# Brass tube to France



## Maximil (Jan 17, 2011)

Hello

I'm looking for brass tube of the kit Jr Statesman. It's a tube of 10.2mm  (4") and a tube of 12.2mm (4.8") with a thickness about 0.25mm (0,0098").
I'm looking for about 2x 1 meters of each. In France, I don't find these. Do you know where I can find this on line in US ?

Thanks a lot


----------



## Brooks803 (Jan 17, 2011)

I don't of any place that sells those tubes at a longer length, but if you are needing a longer 10.2mm tube you can buy replacement tubes for the Zen kit from craft supply. I don't know the length without looking but it's around 4in. they also sell standard length replacement tubes for the jr. statesman as well.


----------



## hdtran (Jan 17, 2011)

Maximil said:


> Hello
> 
> I'm looking for brass tube of the kit Jr Statesman. It's a tube of 10.2mm  (4") and a tube of 12.2mm (4.8") with a thickness about 0.25mm (0,0098").
> I'm looking for about 2x 1 meters of each. In France, I don't find these. Do you know where I can find this on line in US ?
> ...



Jr Statesman uses same length/diameter tubes as the Gentleman Jr and Majestic Jr kits (and most probably the Triton kit).

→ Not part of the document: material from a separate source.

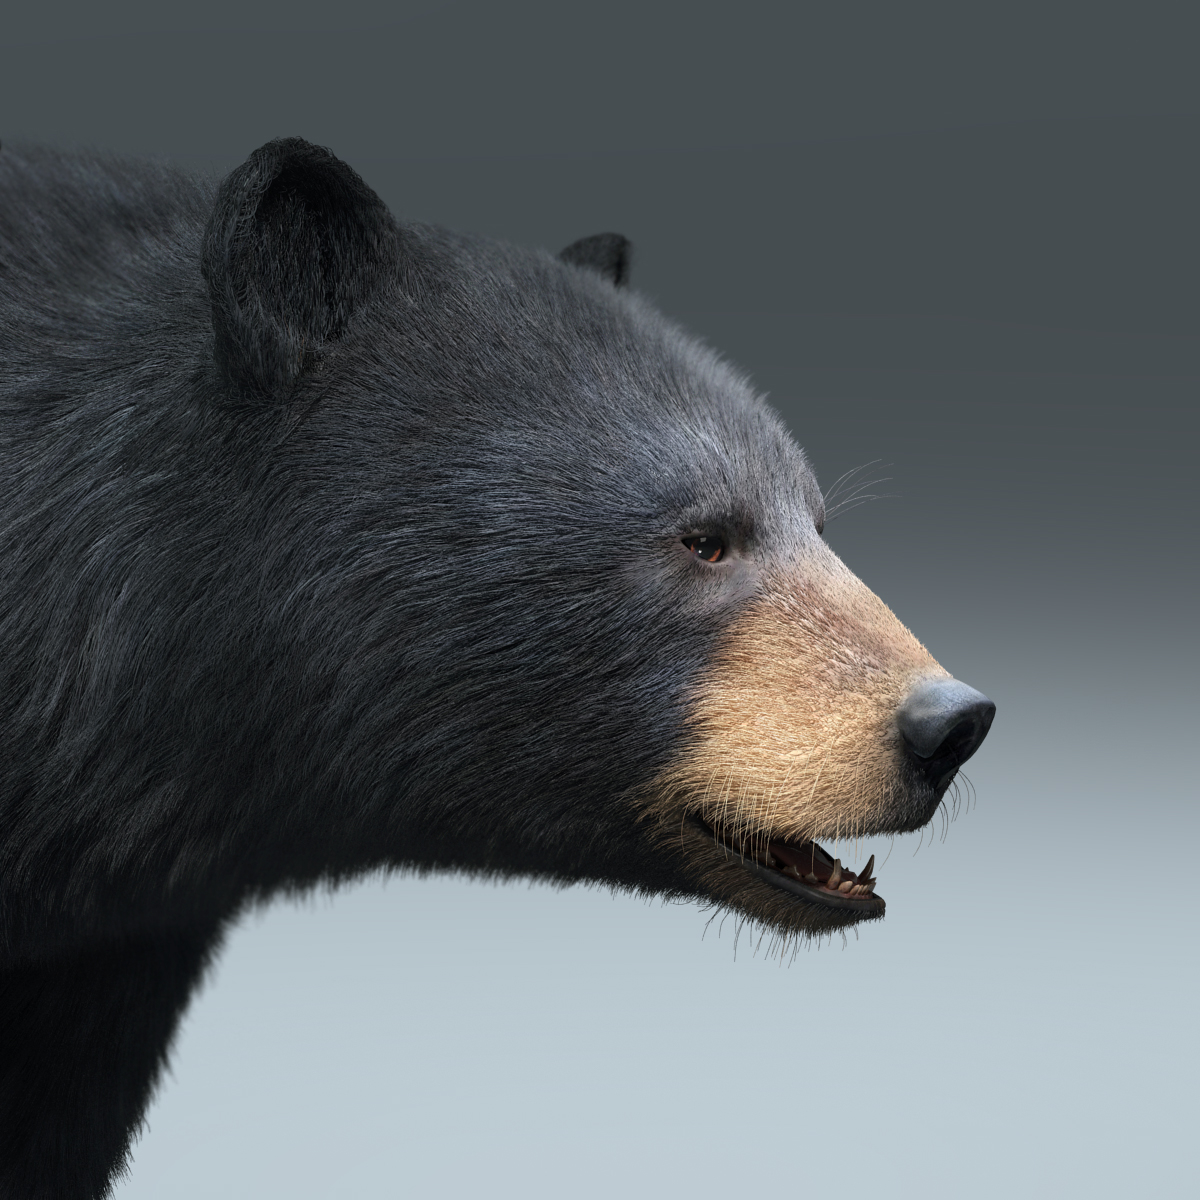 black bear fur

I just bought a spare set of tubes for the Majestic Jr tubes from woodturningz.com.  You can also buy them from Penn State Industries.  Being in France, I seriously doubt that Penn State can figure out how to ship them to you (I could be wrong...)  But I think Ryan et al. at woodturningz would be happy to sell you spare tubes.  You want the tubes for the Majestic Jr; it's not on the woodturningz web site, but they have a few.  Shipping will cost you more than the tubes themselves.  (p/n PKMAJJRTU).

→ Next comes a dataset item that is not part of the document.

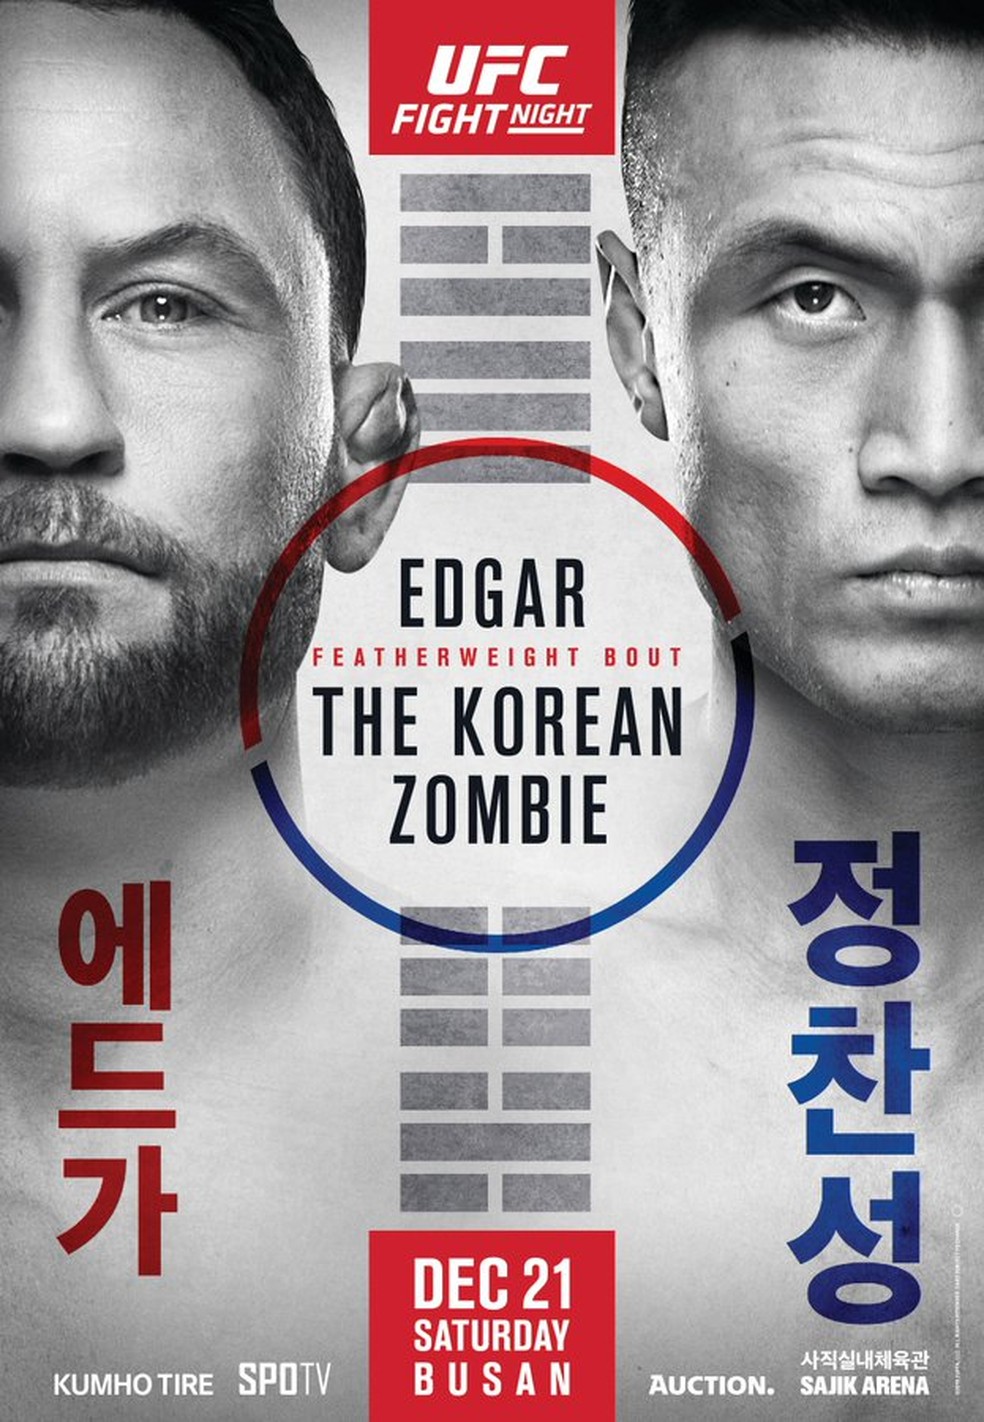 O que significa Fighting? - Pergunta sobre a Coreano

Or are you looking for uncut tubes, and you will cut to length yourself?


----------



## Maximil (Jan 18, 2011)

I need sometimes lenght longuer than in the kit. But it's too because I crashed sometimes a kit so I need replacement pieces. Thanks for the info.


----------



## Curly (Jan 18, 2011)

http://www.hobbyplace.com/materials/metal.php
http://www.ksmetals.com/resources/cuttolength.pdf
http://www.udisco.com/hobbies/inv/KS.HTM
http://www3.towerhobbies.com/cgi-bin/wti0093p?&C=RDA
http://www.specialshapes.com/BrassTubing.html
http://www.smetals.co.uk/table2.htm
http://www.javis.co.uk/index.php?op...116&page=shop.browse&category_id=121&vmcchk=1

Here are some for you to try. Last 2 are in England. I Googled "thin wall brass tube" and "metric brass tube". Most are selling K&S Metals products and their pdf shows they make some metric too. There must be some model and hobby suppliers in France that sell the same or equivalent products and I would have to believe the Germans would as well. 

Pete


----------



## workinforwood (Jan 18, 2011)

A little solder and flux will easily join two stock brass tubes together.  Sand off the excess solder and put the joint in the middle of the pen body.


----------